Of course with all these crises, poor people around the world are getting the brunt of the suffering. This general situation challenges us in a manner more specific and acute than ever before, to provide leadership and support to the efforts of grassroots organizations and community groups trying to resist the globalized devastations and miseries that are visited upon them. Fortunately, in 2008, Agricultural Missions began the process of reinventing itself to renew and streamline its structure, including its board, to become a more lean, agile and effective organization.
Today, our renewed effectiveness is evident in the performance of our staff in the various programs that we run. Our hats off to Joe Keesecker, our director, for keeping our boat afloat and managing the rudder, and to Mozzie and Doris for their dedication and support.

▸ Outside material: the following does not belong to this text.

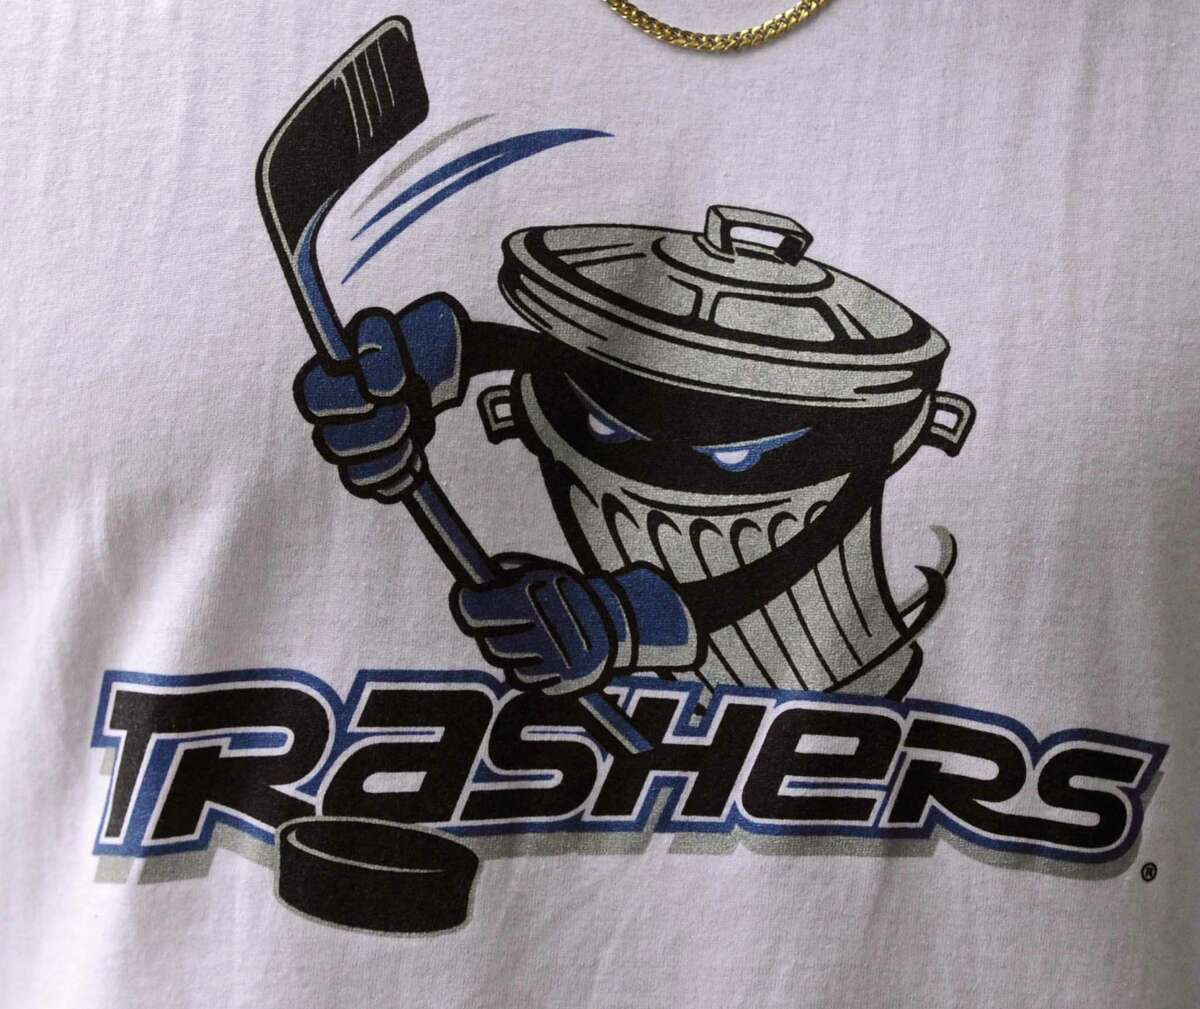 Hollywood is making a movie about the Danbury Trashers

Congratulations as well to Winston Carroo and Stephen Bartlett for their continued leadership in the U.S.A. and around the world. I also want to take this opportunity to express our collective gratitude to Mozzie Johnson who retired after about forty years with Agricultural Missions. We will miss her wise and gentle ways, as well as the confidence she could inspire, to feel all right through all changes and crises. God speed Mozzie. I would also like to welcome Ngozi Odita who recently came onboard and picked up where Mozzie left off.
May God continue to accompany us on our journey and help us maintain the integrity of our organization through these turbulent times. May we continue to be relevant and effective champions of the peaceful struggles of poor communities, for survival, for justice, and for a sustainable world.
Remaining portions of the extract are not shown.